(Directions for this task): Write out the data word for word and drop any picture you find.

(Supplied material):
%%
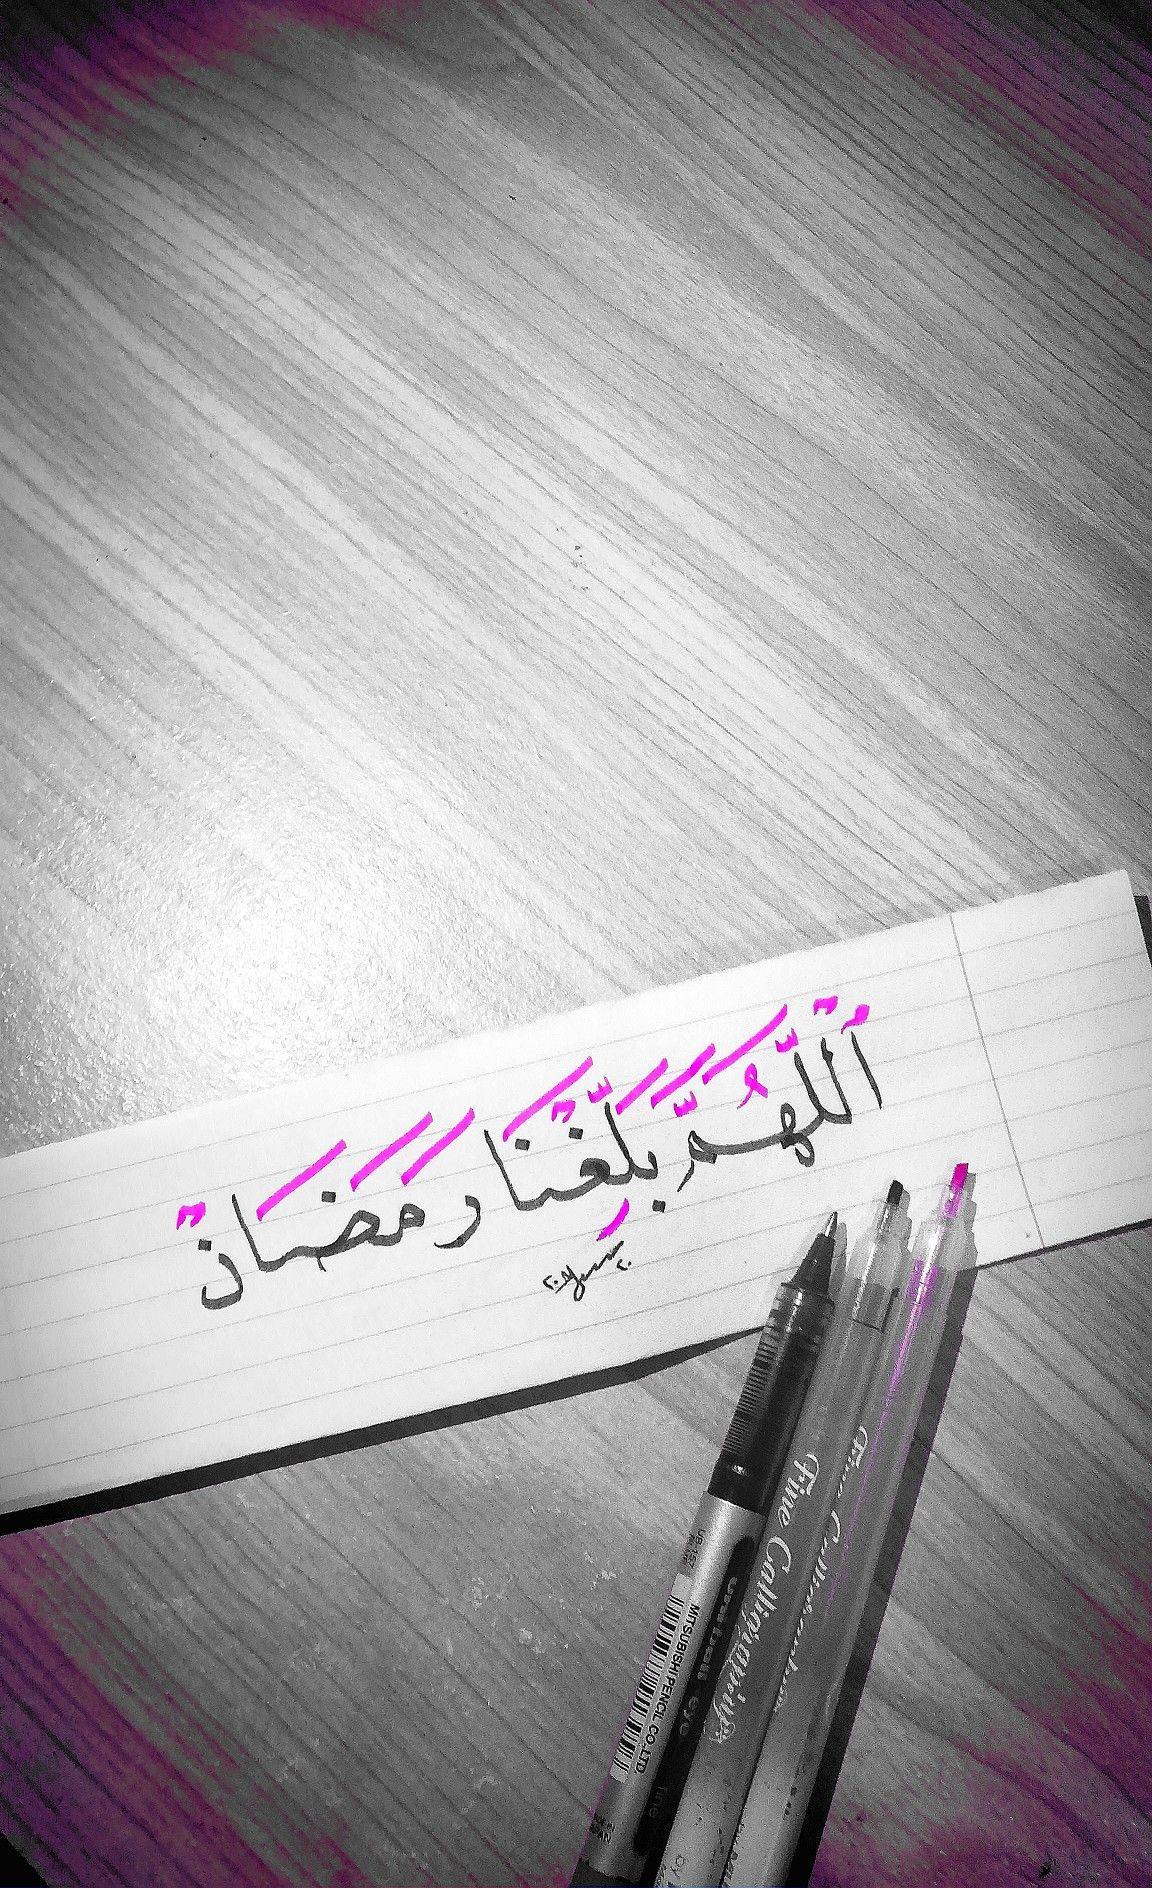 رمضان كريم شهر مبارك اللهم بلغنا شهر رمضان لا فاقدين ولا مفقودين وأعنا على صيامه وقيامه اللهم بلغنا اياه بلوغا يغير حالنا Quran Verses Holy Quran Verses
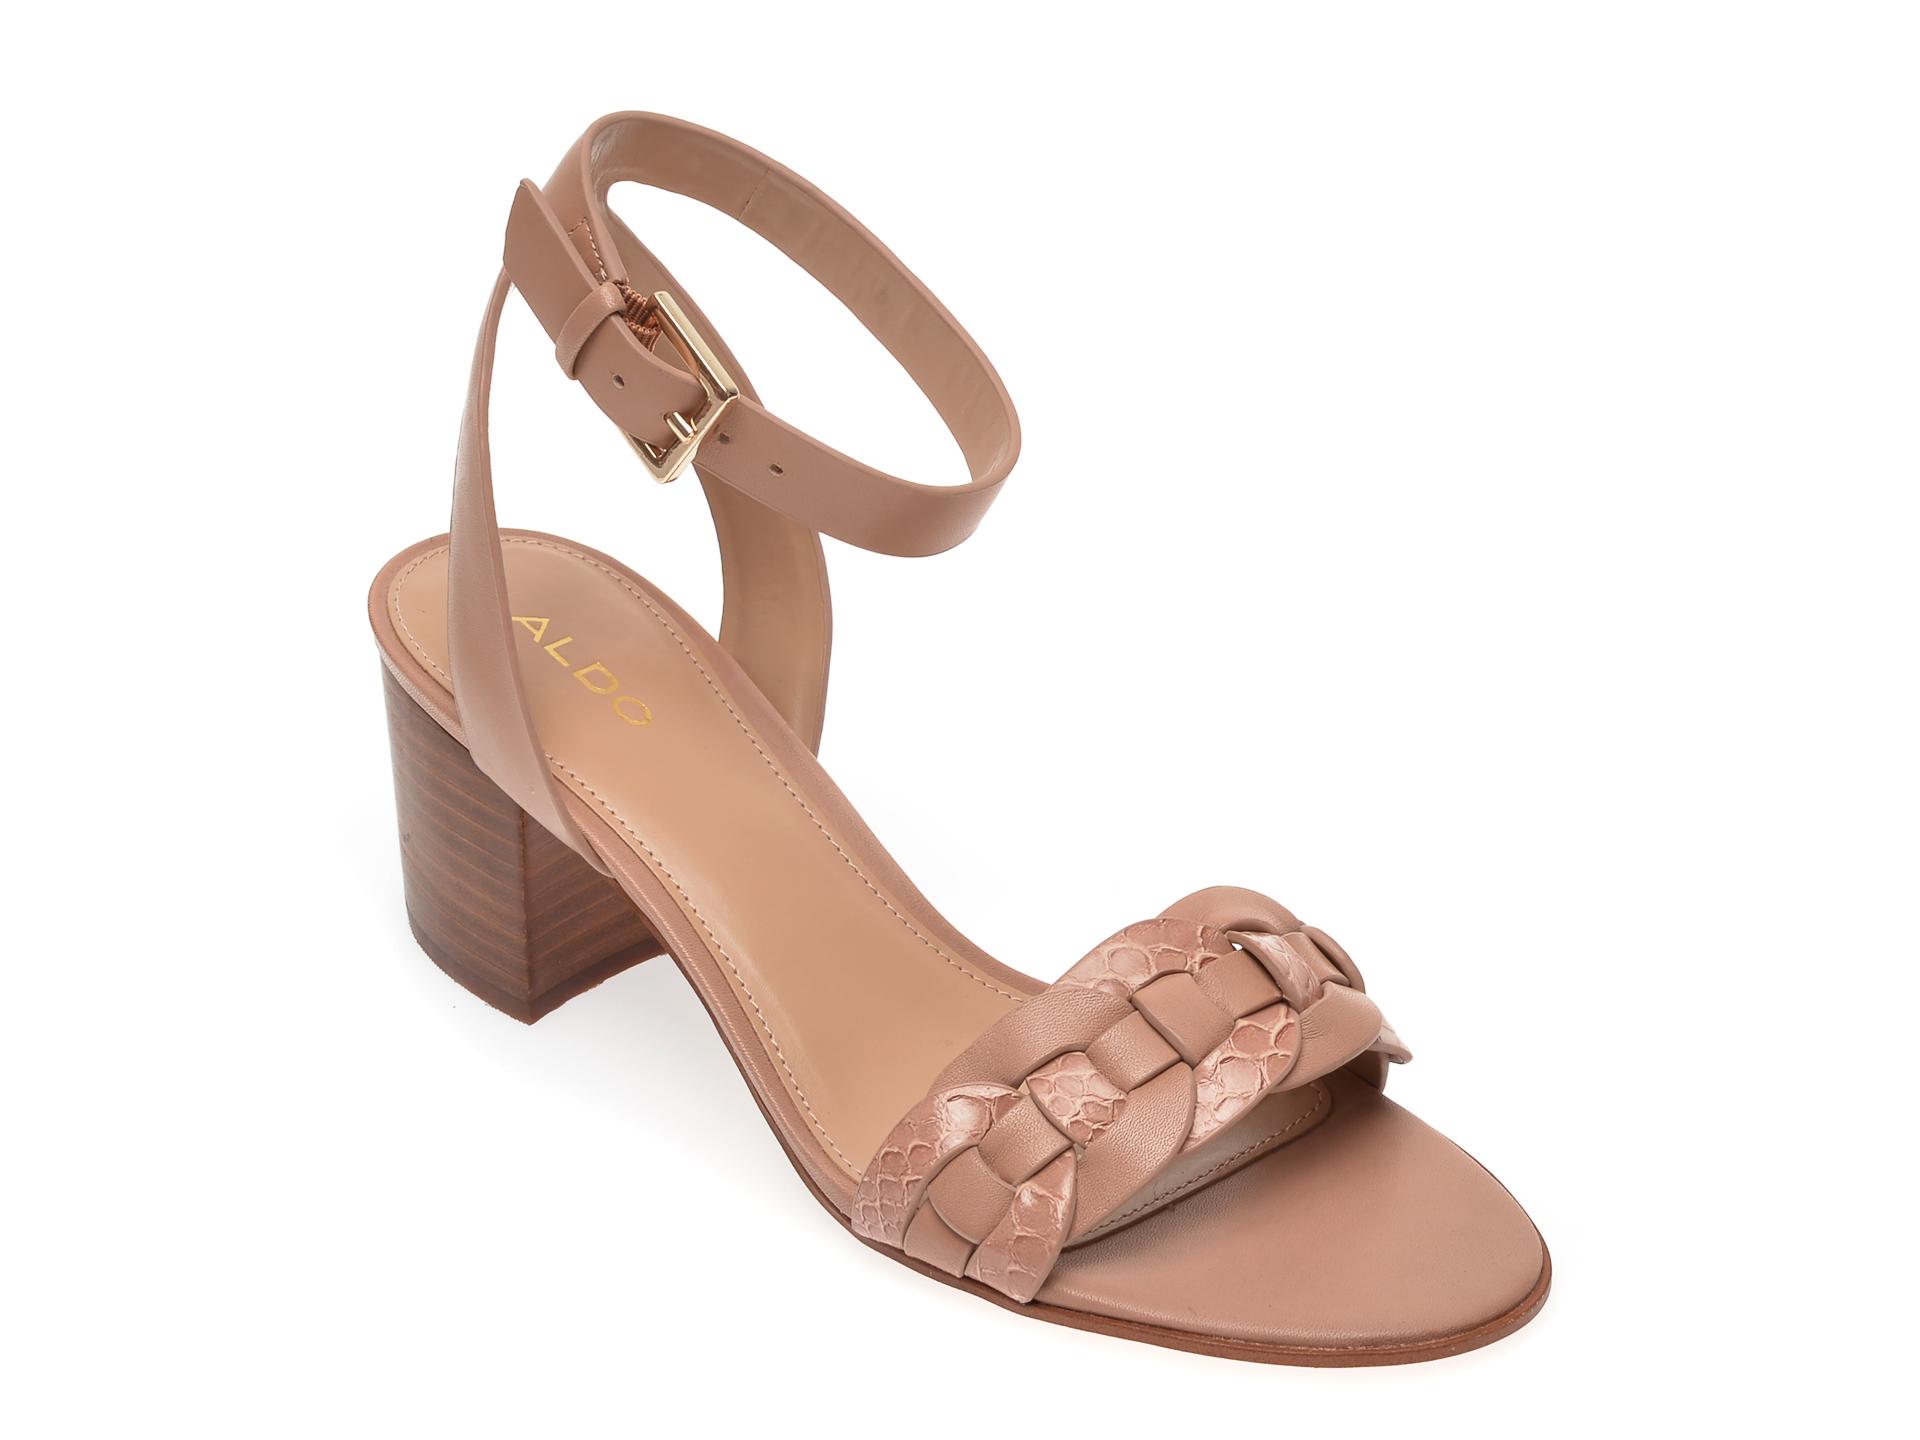 Sandale ALDO nude, Katerina270, din piele ecologica
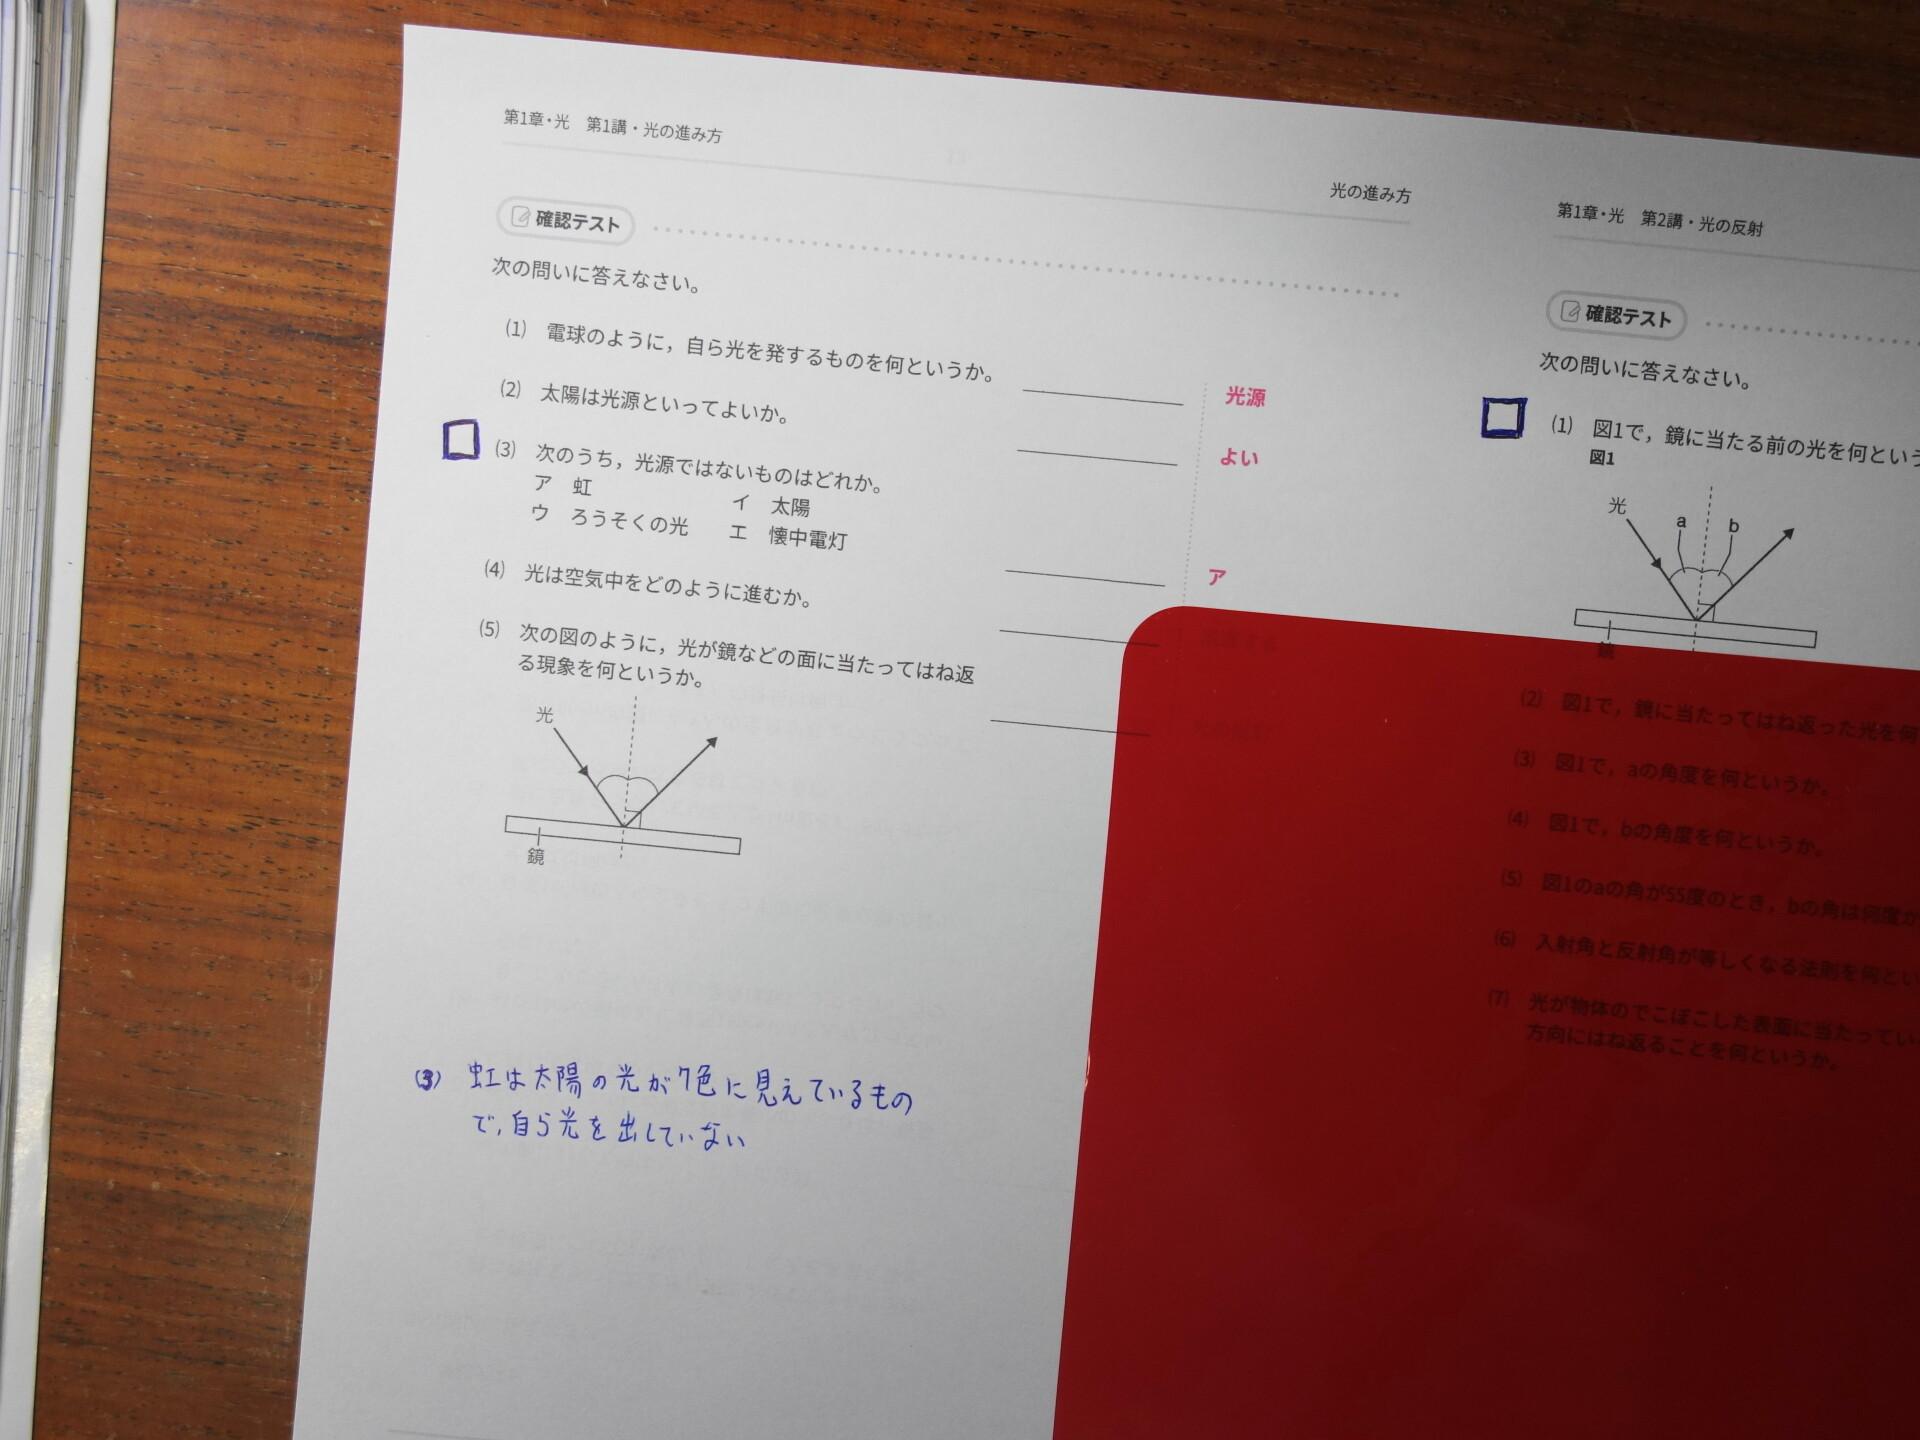 チェックボックスなどの書き込みを行ったスタサプの確認テスト
%%
(Finished exercise):
 رمضان كريم شهر مبارك اللهم بلغنا شهر رمضان لا فاقدين ولا مفقودين وأعنا على صيامه وقيامه اللهم بلغنا اياه بلوغا يغير حالنا Quran Verses Holy Quran Verses
 Sandale ALDO nude, Katerina270, din piele ecologica
 チェックボックスなどの書き込みを行ったスタサプの確認テスト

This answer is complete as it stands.